### Task directions
Repeat the data exactly. Pictures are not part of the copy.

*** Given material

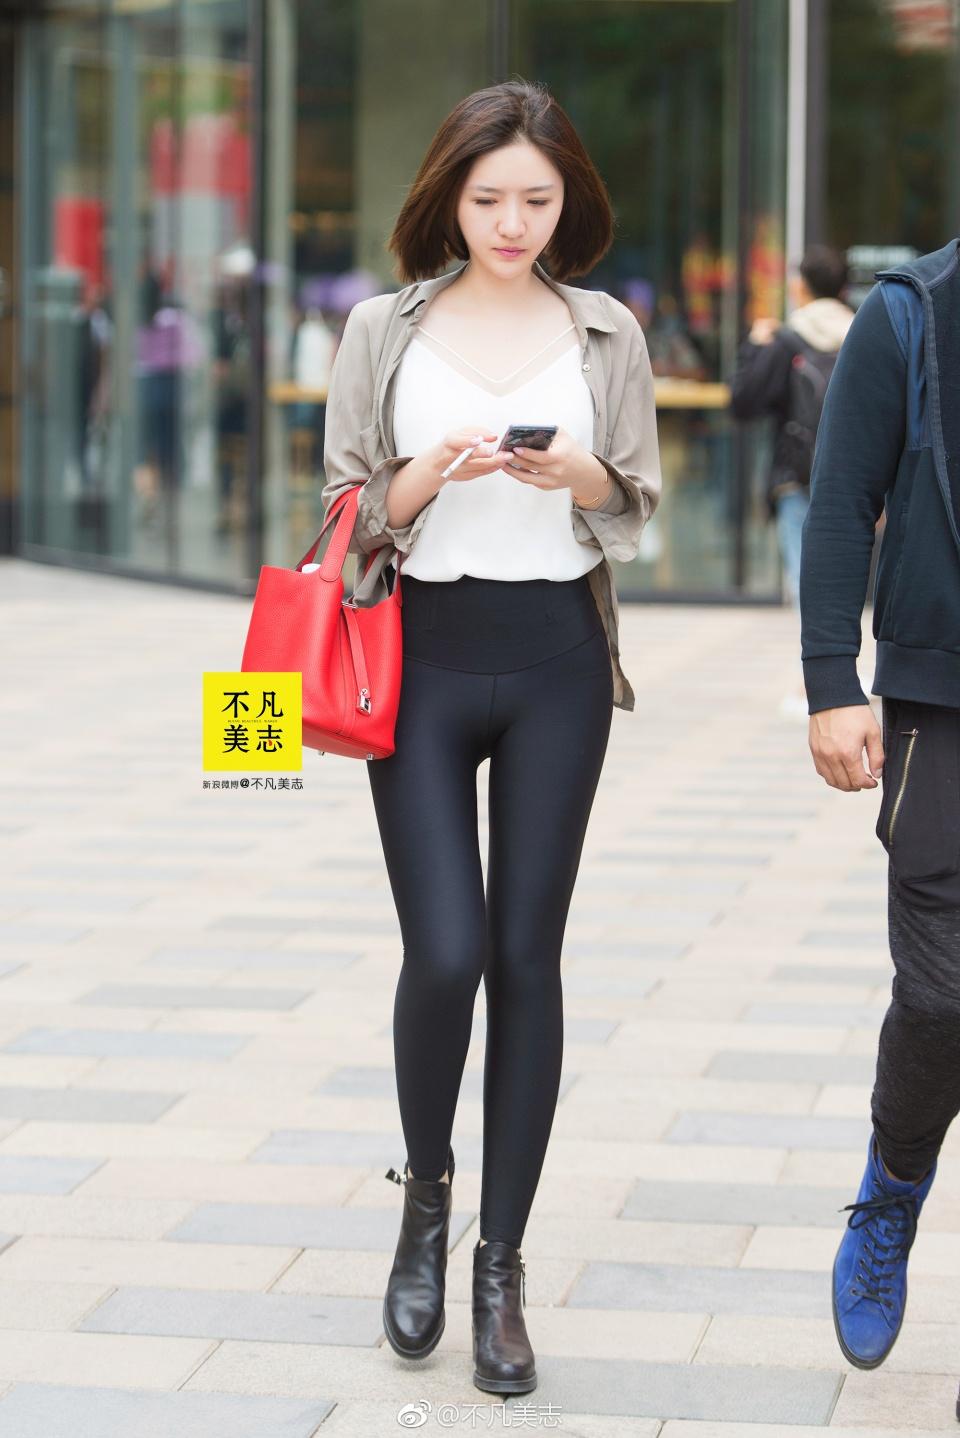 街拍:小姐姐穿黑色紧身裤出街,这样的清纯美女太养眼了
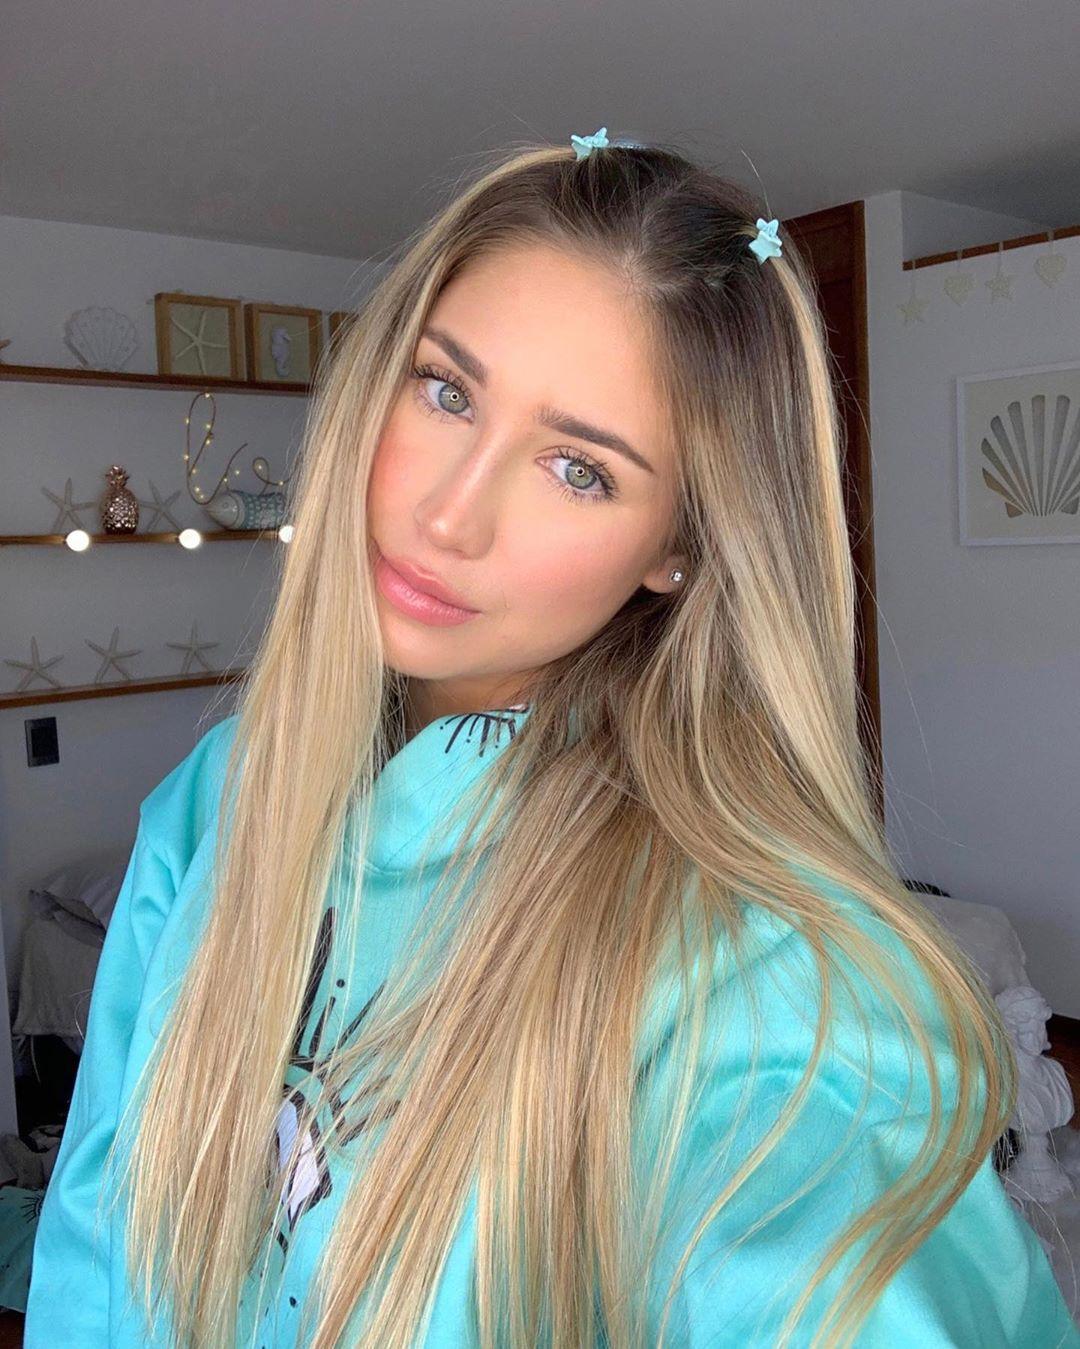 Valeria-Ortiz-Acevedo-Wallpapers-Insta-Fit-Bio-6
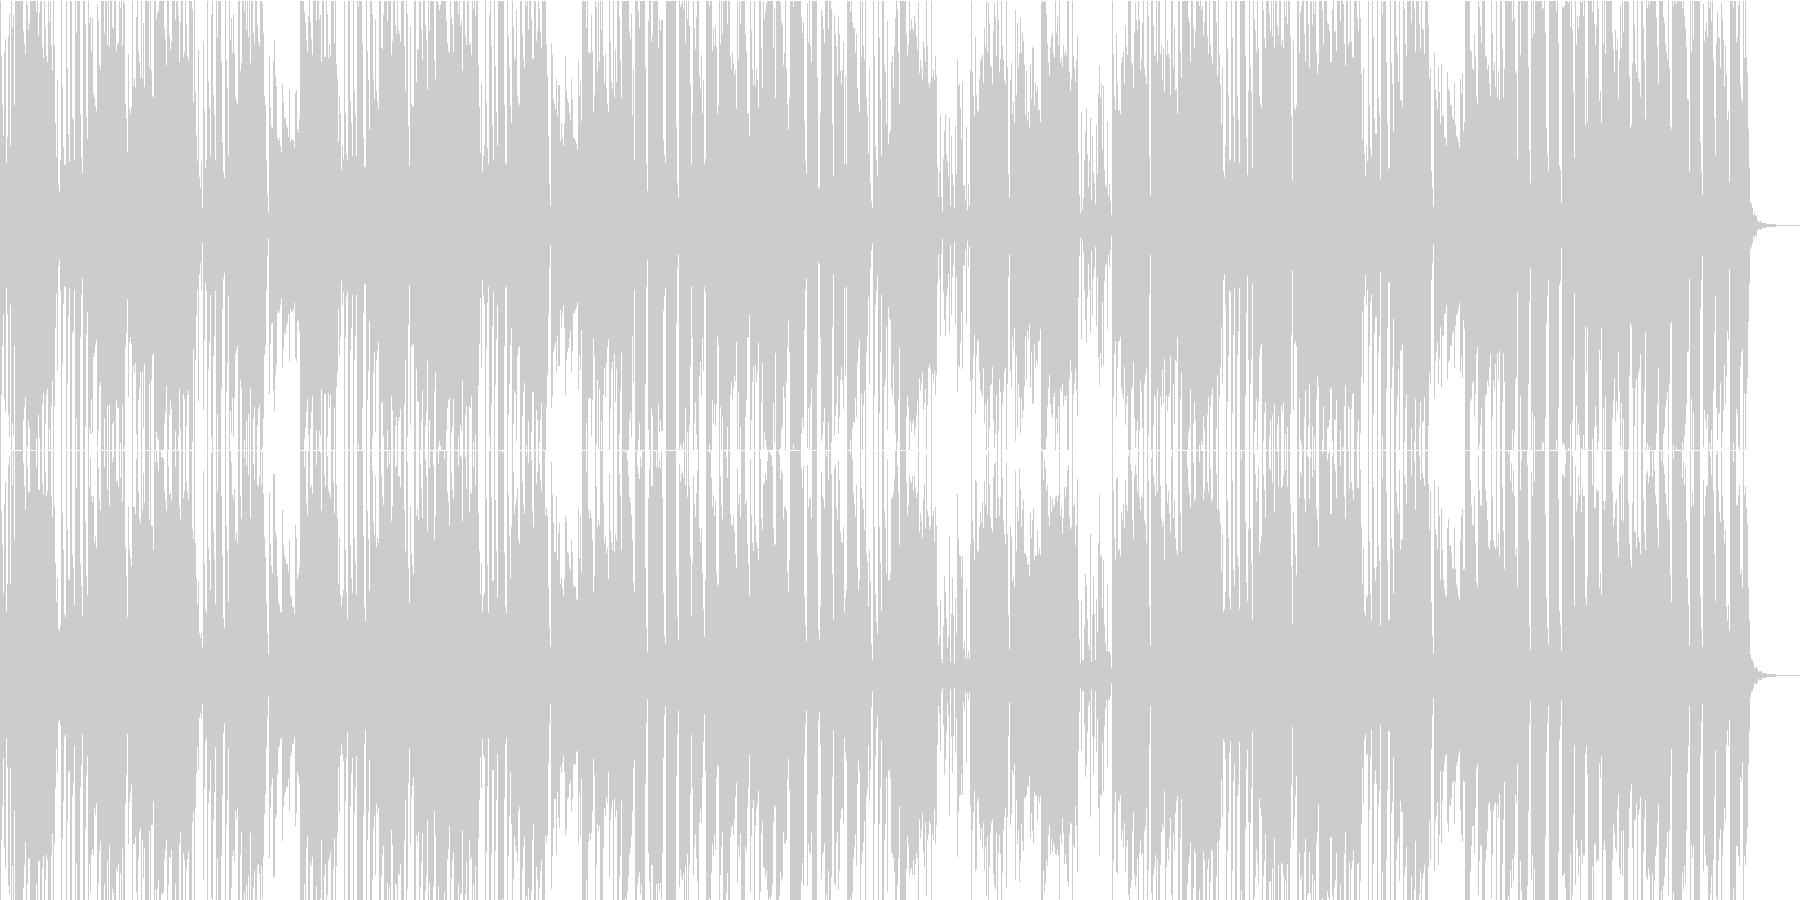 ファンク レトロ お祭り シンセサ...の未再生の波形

******

### Response to the task
 街拍:小姐姐穿黑色紧身裤出街,这样的清纯美女太养眼了
 Valeria-Ortiz-Acevedo-Wallpapers-Insta-Fit-Bio-6
 ファンク レトロ お祭り シンセサ...の未再生の波形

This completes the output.